The Austrian National Bank has published the Austrian results of the euro area Bank Lending Survey for the first quarter of 2026. Austrian banks reported that demand for corporate loans increased again in the first quarter, supported by stronger investment activity, but expect demand to decline in the second quarter as uncertainty and the direct effects of the war in the Near and Middle East weigh on the outlook. By contrast, banks expect household demand for housing loans to continue rising, extending a trend that has lasted for two years and is mainly linked to lower interest rates. On the supply side, banks reported that the strained risk environment since 2022 has continued to weigh on corporate lending through tighter credit policies linked to the general economic situation and companies' creditworthiness. The war has led to targeted adjustments to lending guidelines, including avoiding financing linked to the war region and closer checks on companies' exposure to energy prices and supply chains, but banks did not report any broad additional tightening of corporate credit supply and said the effect is limited to a small share of firms. Banks also lowered margins again on corporate loans that are not above-average risk, citing stronger competition. Demand for housing loans has continued to recover from its historic low, and banks expect that trend to continue into the second quarter of 2026. New housing lending averaged EUR 1.4 billion per month in 2025, almost 50% above the 2024 average, after the European Central Bank lowered its policy rate from 4% to 2% between June 2024 and June 2025. Survey responses indicated no impact from the war on banks' lending business with households.

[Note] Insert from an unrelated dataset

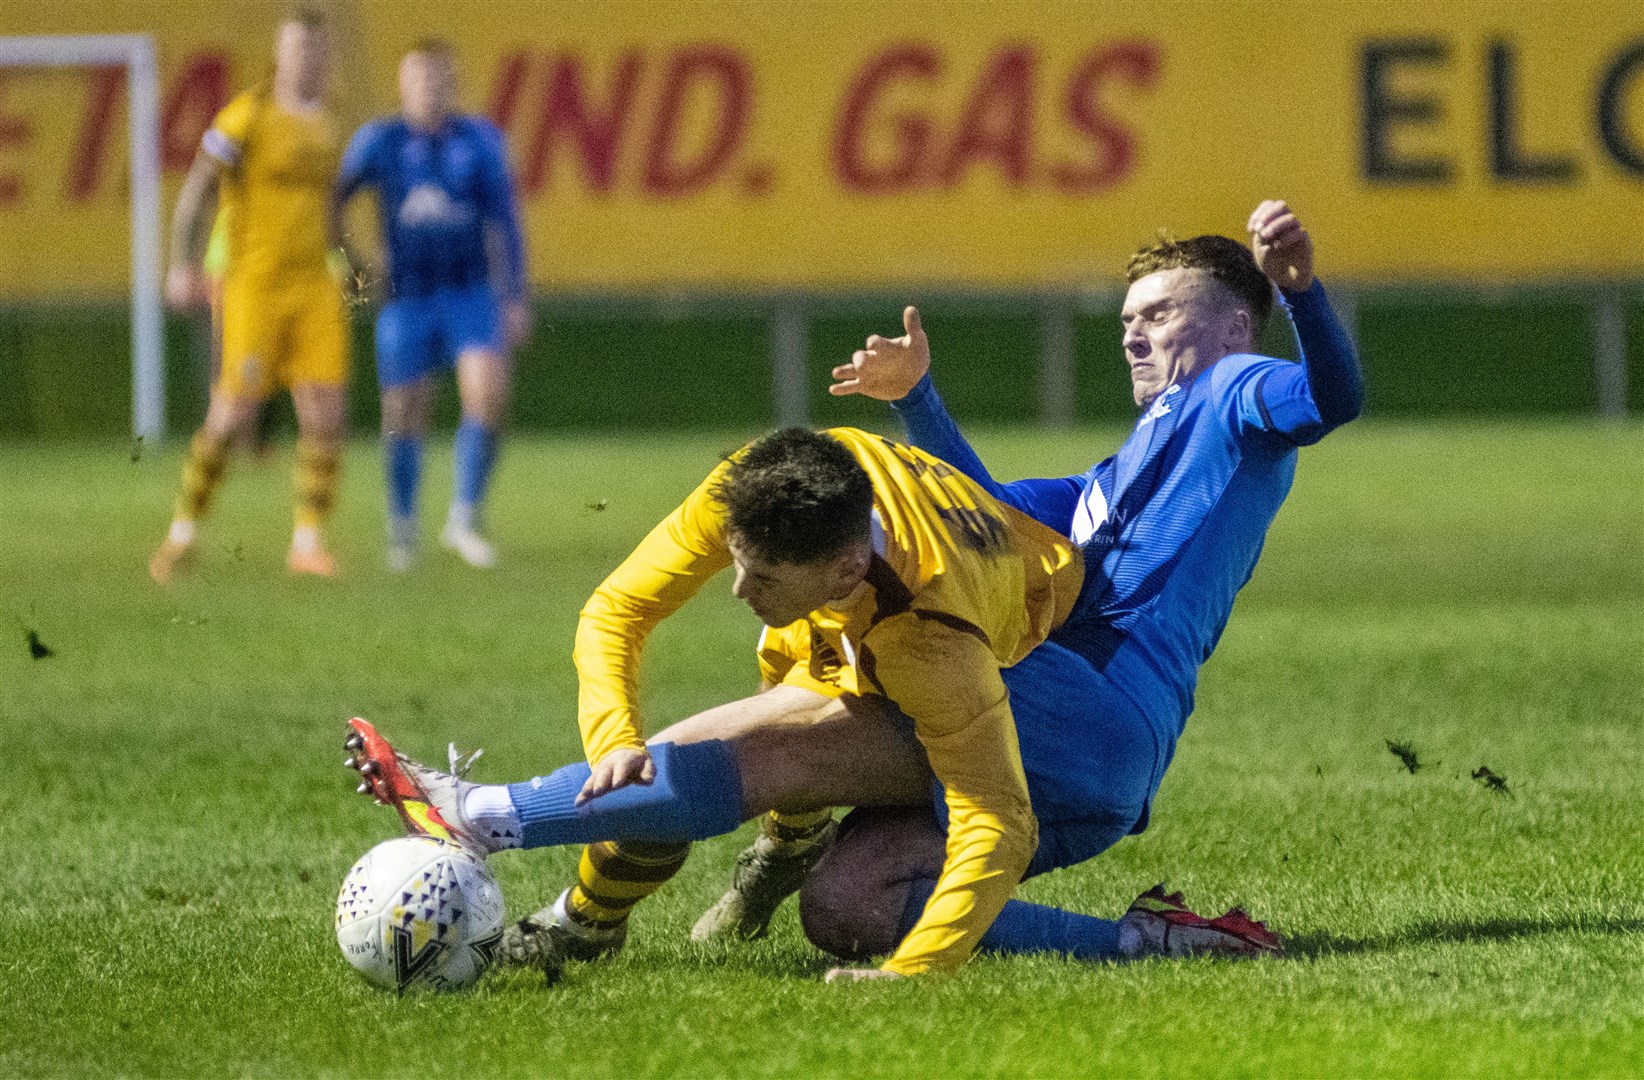 Strathspey's Liam McDade goes in for a challenge on Forres Mechanics' Thomas Brady...Forres Mechanics FC (8) vs Strathspey Thistle FC (1) - Highland Football League 22/23 - Mosset Park, Forres 07/01/23...Picture: Daniel Forsyth..

Austrian National Bank (OeNB) 2026-04-28
Austrian National Bank survey shows Austrian banks expect corporate loan demand to weaken in the second quarter while housing loan demand keeps rising
The Austrian National Bank published the Austrian results of the euro area Bank Lending Survey for Q1 2026, showing rising corporate loan demand but an expected decline in Q2 due to uncertainty and the war in the Near and Middle East. Banks reported continued tightening of corporate credit policies in response to a strained risk environment, with targeted adjustments related to the war but no broad additional tightening, and lower margins on standard corporate loans amid stronger competition. Housing loan demand has been recovering from historic lows, supported by lower interest rates, with banks expecting further growth and reporting no war-related impact on household lending.